I'm trying to write a general purpose AST builder with a DFS approach.
The principle of the grammars is rather simple: An expression can have one or more options, each option consists of a list of nodes where each node can be either a terminal or an expression.
I have a state that works-ish but and am struggling with finding an exit condition for "endless loops".
If I define the grammar like this:
expr := addExpr;
addExpr := NUMBER
| NUMBER OPERATOR expr
;
It passes through. The structure is semantically correct, but will produce wrong results when traversed. "4 - 2 + 2" gets evaluated as "4 - (2 + 2)" instead of the desired "(4 - 2) + 2".

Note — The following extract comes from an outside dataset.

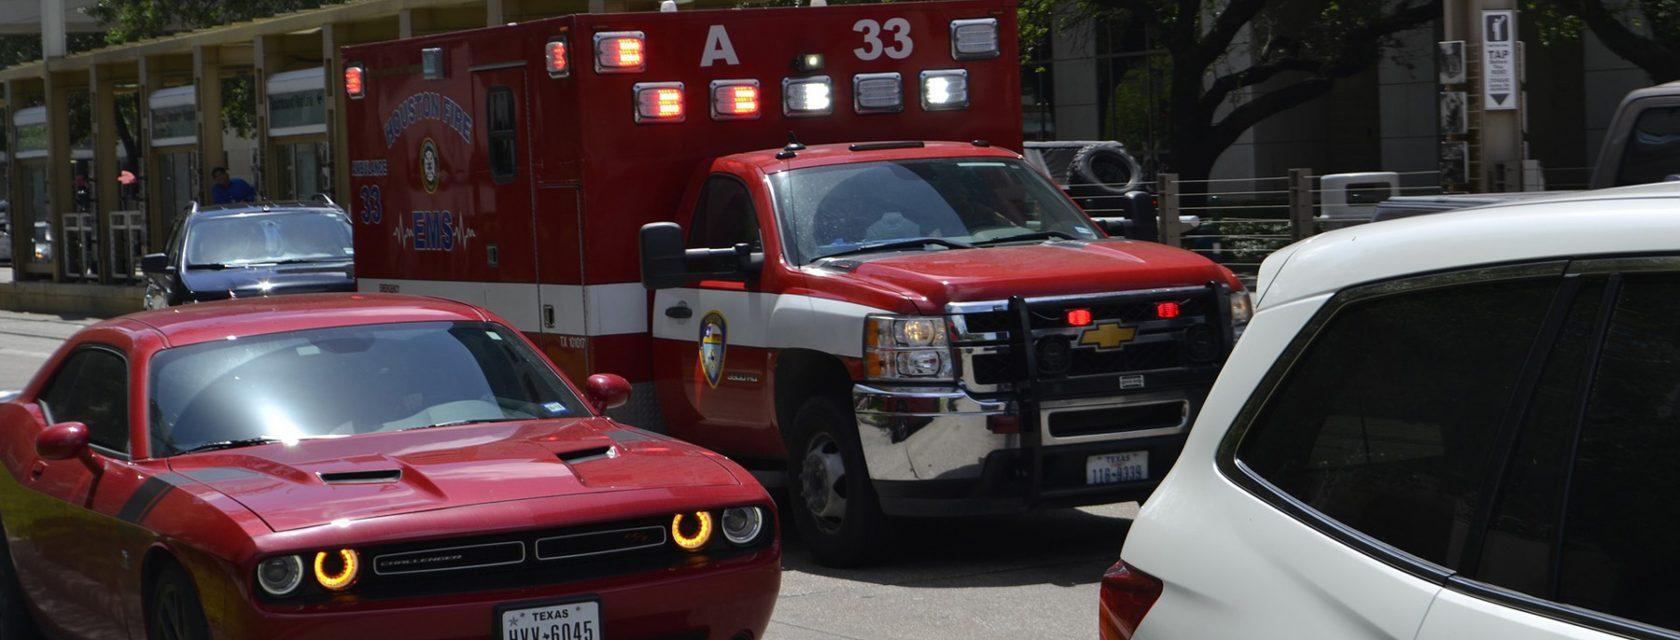 ambulance-car1

I would need to define the grammar like this:
expr := addExpr;
addExpr := NUMBER
| expr OPERATOR NUMBER
;
The problem here is, that it leads to an endless iteration:
expr -> addExpr -> expr -> addExpr -> ...
This is where I'm stuck. I cannot come up with an exit condition as to when to stop trying. I was thinking of having a history, if I compared the same expression against the remaining tokens, I can stop. But this stops too early and won't produce any result.
I guess the stack I need would kind of look like this:
expr (against 4 - 2 + 2)
addExpr (against 4 - 2 + 2)
0: NUMBER -> matches 4, won't finish.
1: expr OPERATOR NUMBER
expr (against 4 - 2 + 2) -> I cannot break yet.
addExpr (against 4 - 2 + 2) -> I cannot break yet.
0: NUMBER -> matches 4, won't finish.
1: expr OPERATOR NUMBER
expr (against 4 - 2 + 2) -> I cannot break yet.
addExpr (against 4 - 2 + 2) -> I cannot break yet.
0: NUMBER -> matches 4, will resolve in the end.
1: expr OPERATOR NUMBER
expr (against 4 - 2 + 2) -> BREAK!
It seems kind of arbitrary when to break. Is there some good rule or condition to achieve this?
I don't really want to just set a "random" max-depth if I can avoid it. Maybe I should consider a BFS approach (whole different set of problems), but I'd like to stick with DFS if it's possible.